Nelson Education published a textbook recently for the Knowledge and Employability Mathematics program. It is sold to teachers as a resource “written at an appropriate reading level” that “supports 100% of the outcomes in the curriculum” (Brydon et al,. 2011c). Close examination of this resource reveals assumptions and instructions that undermine the purposes of the curriculum and create intellectual barriers that could stifle the development of students as creative thinkers and responsible, contributing members of society. This paper critiques the resource for its tendency to glance over curriculum outcomes and emphasize procedural solutions over mathematical processes. However, I admit that instructors who use this resource are not doomed to failure; the resource is not a complete write off. We can create lessons from this resource that promote mathematical processes and develop critical thinking by examining the contributions of the individual exercises and creating specific sequences of tasks that reflect the curriculum values.

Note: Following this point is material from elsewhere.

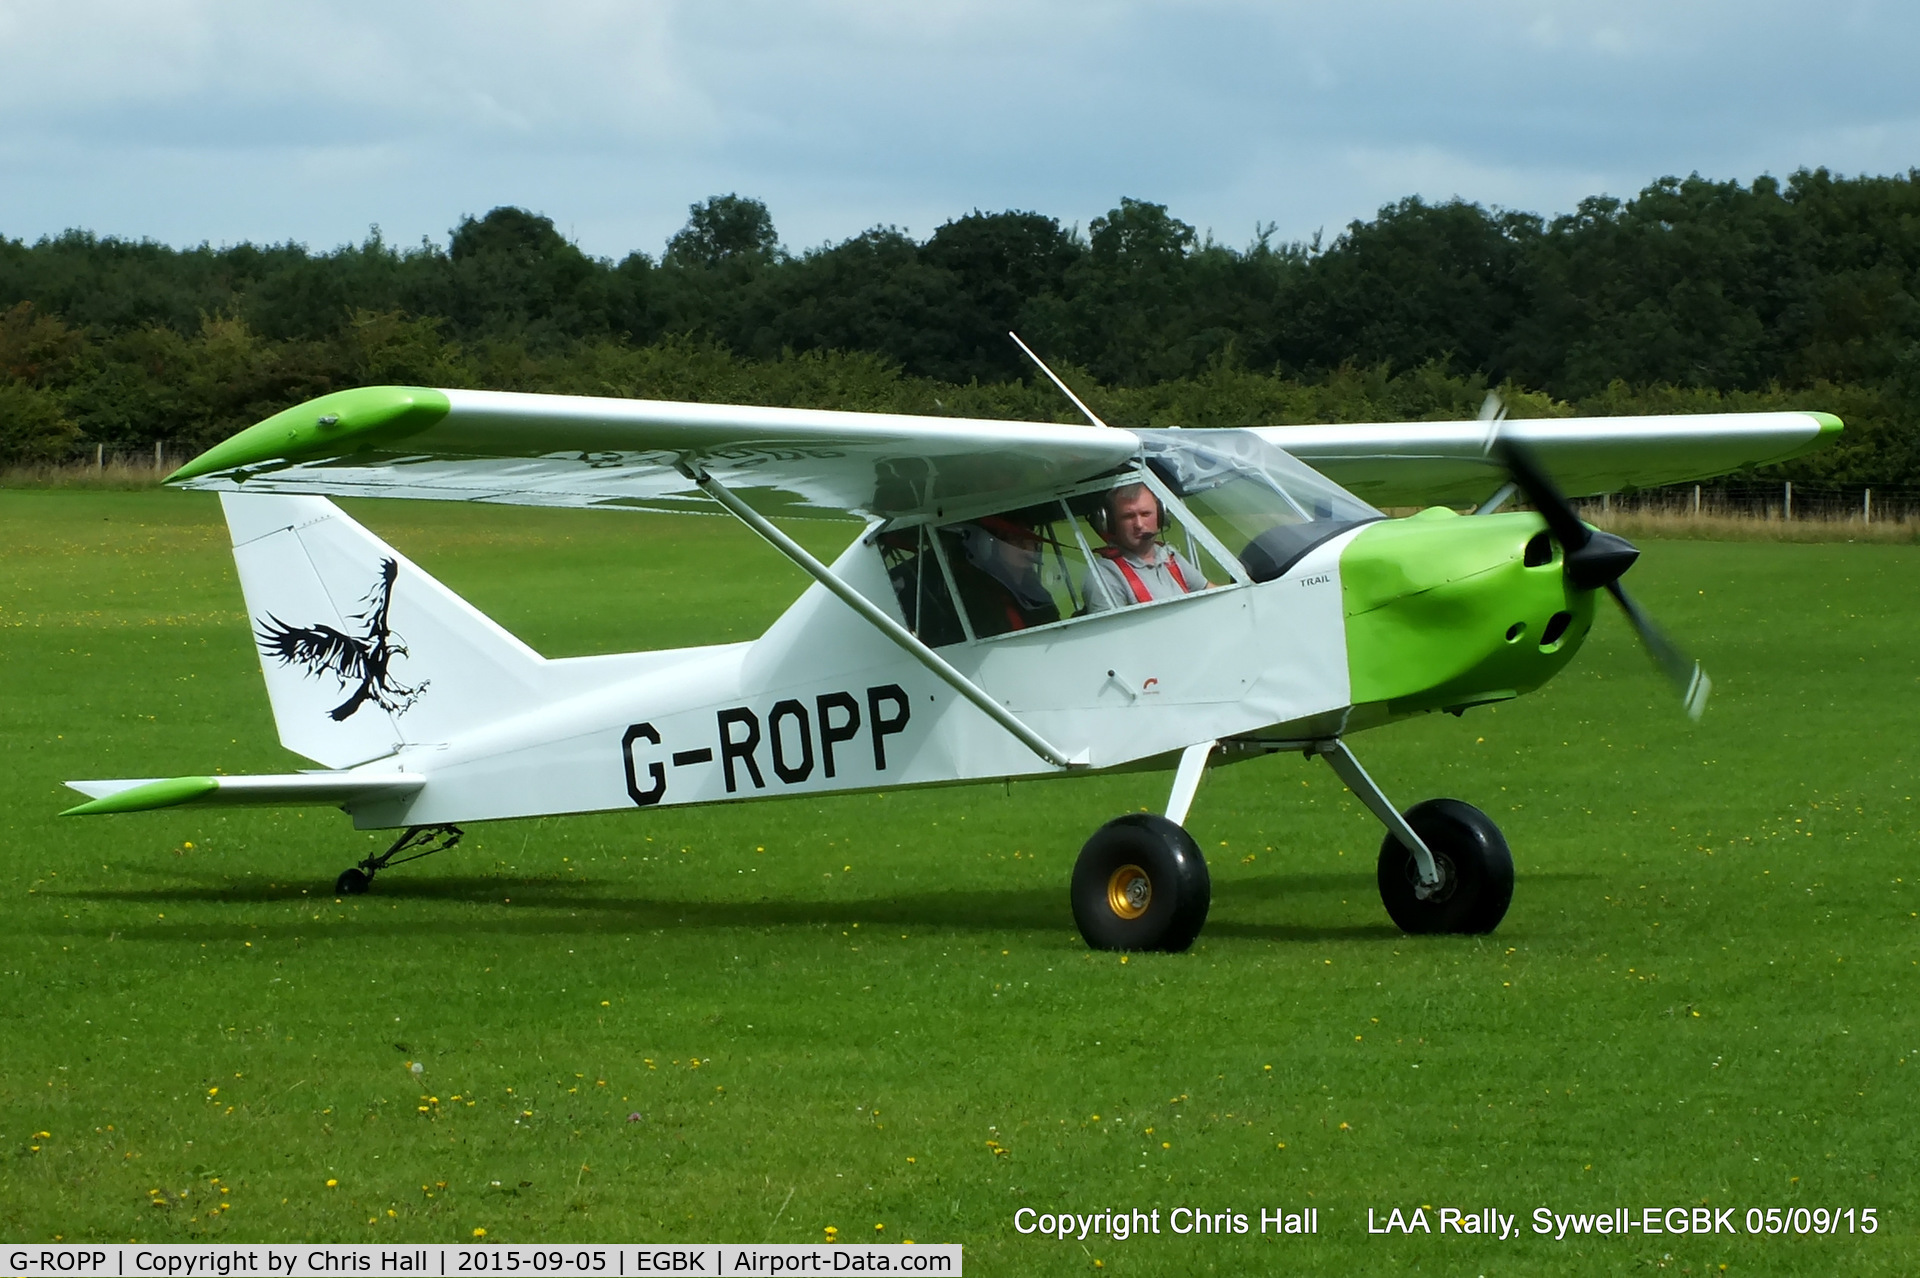 G-ROPP, 2012 Nando Groppo Trial C/N LAA 372-15178, at the LAA Rally 2015, Sywell
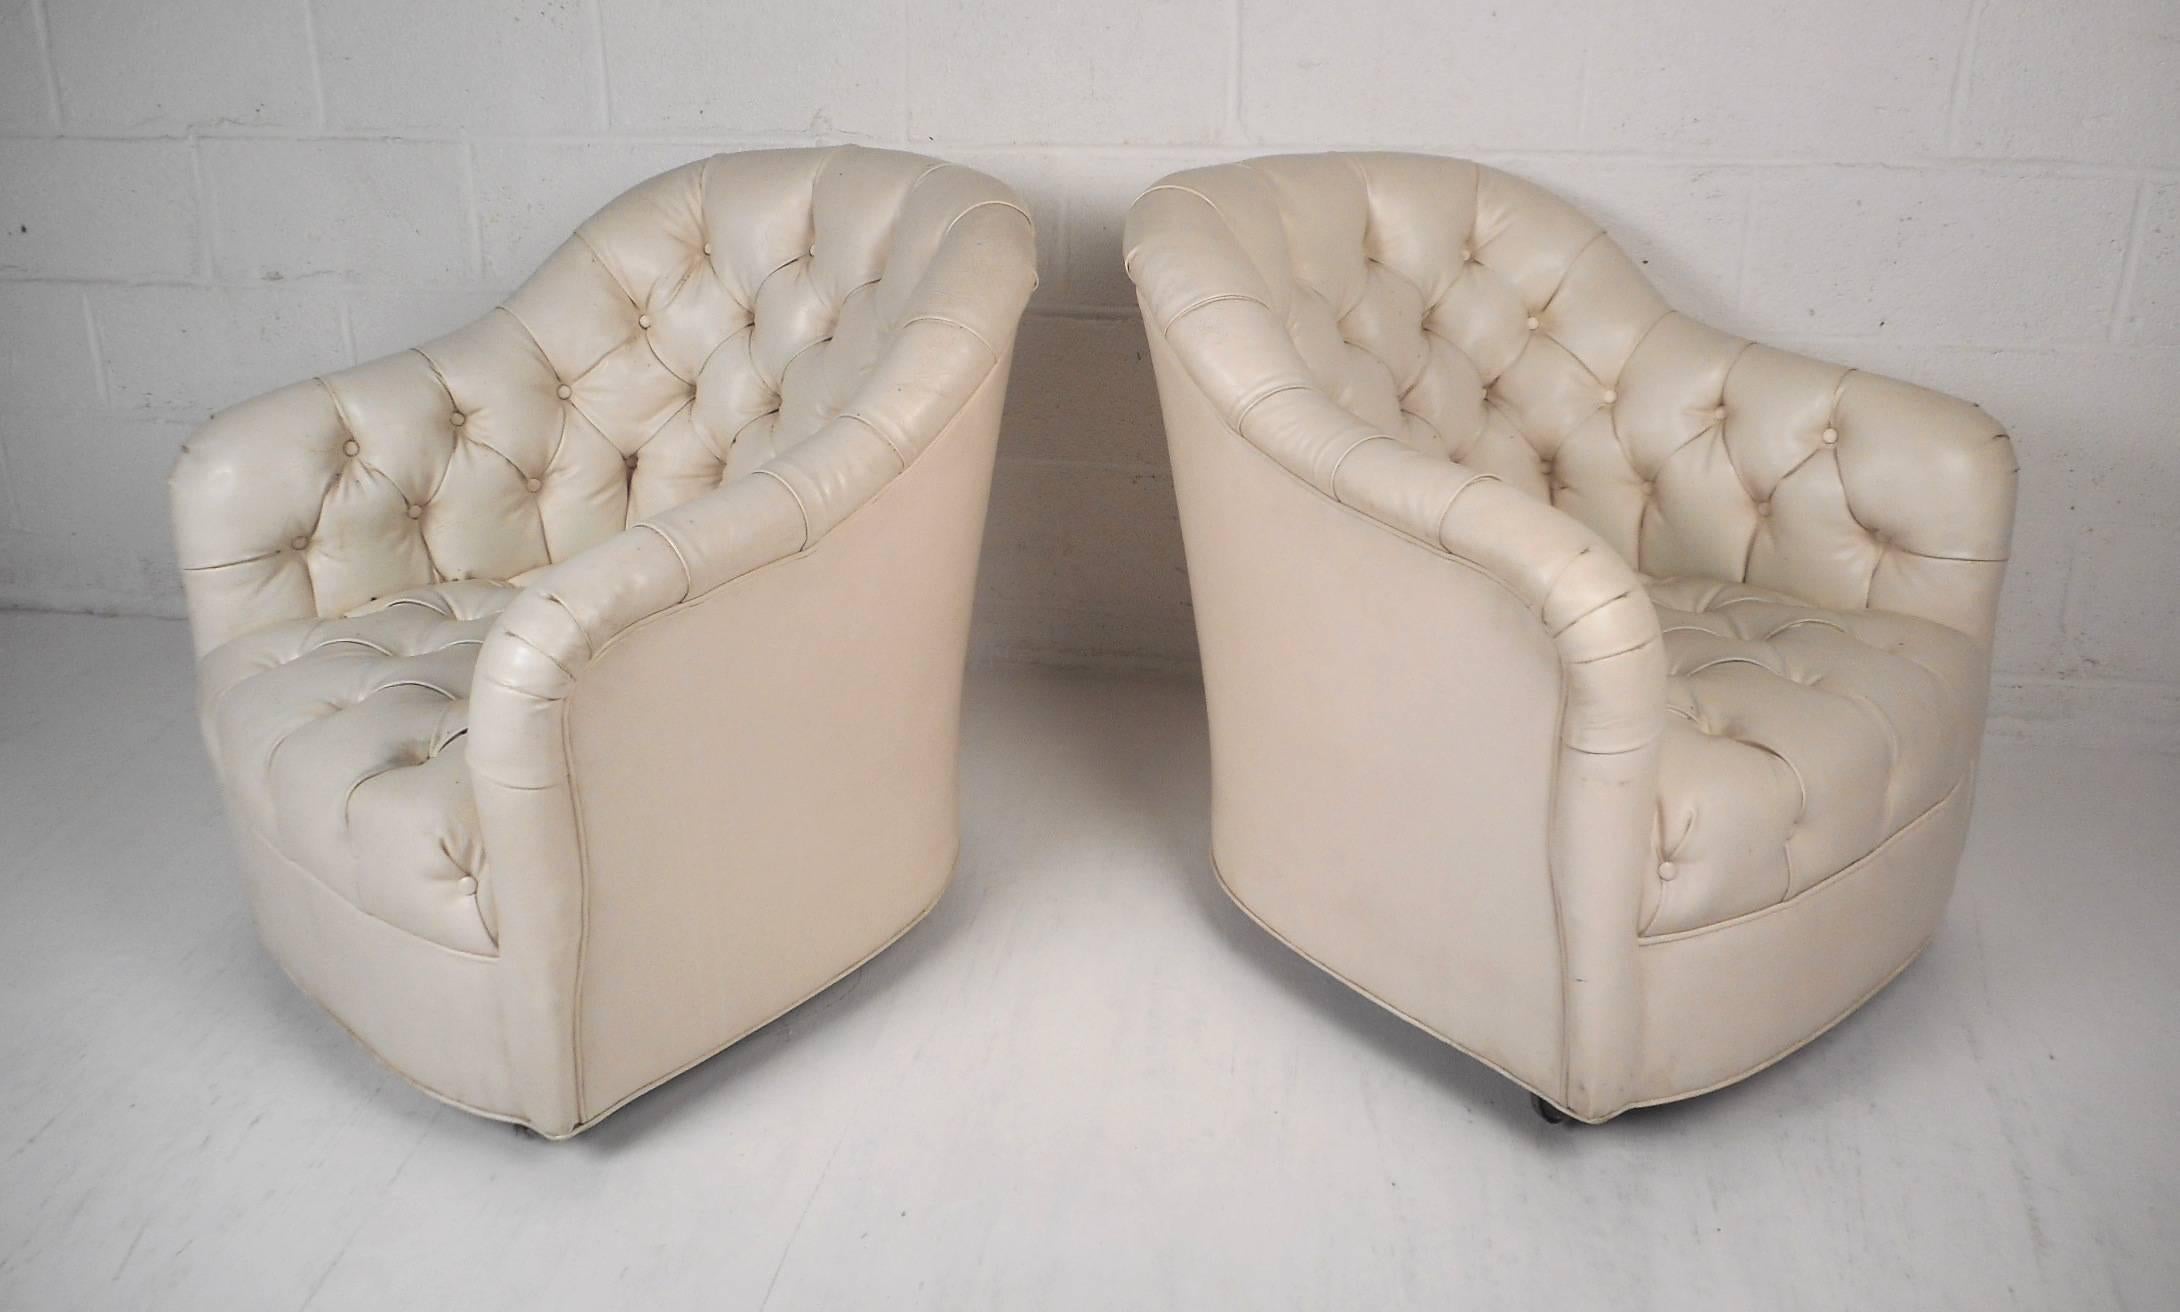 Pair of Mid-Century Modern Tufted Vinyl Lounge Chairs In Good Condition For Sale In Brooklyn, NY

Keywords: curriculum, division of fractions, mathematics, knowledge and employability, nelson education, program of studies

The Division of Fractions

Introduction

Textbook publishers take advantage of overworked instructors who acquire textbooks as a means of reducing workload. A few examples on a whiteboard, a video that can be replayed, and several pages of contrived, monotonous tasks are sold to educators as formulas that will lead students to success regardless of their academic standing (Brydon et al., 2011a). Students are expected to memorize these procedures, practicing them over and over until they can confidently recite the script verbatim as though they were participating in a theater production. Thankfully, many teachers have assumed the mantle of professionalism despite the demands placed upon them by commercial institutions. They strive to challenge their pupils by acknowledging the power of appropriate tasks, recognizing student contributions when making curriculum decisions, and pushing each learner to a place of independence and functionality (Cirillo et al., 2009). Further, responsible instructors recognize the curriculum as it is interpreted by textbook publishers does not necessarily reflect the philosophy and rationale of the legislated curriculum (Alberta Education, 2017; Cirillo et al., 2009). This paper examines resources that educational publishers have provided for the Knowledge and Employability program and provides reasonable alterations and alternatives that are supported by mathematics education research.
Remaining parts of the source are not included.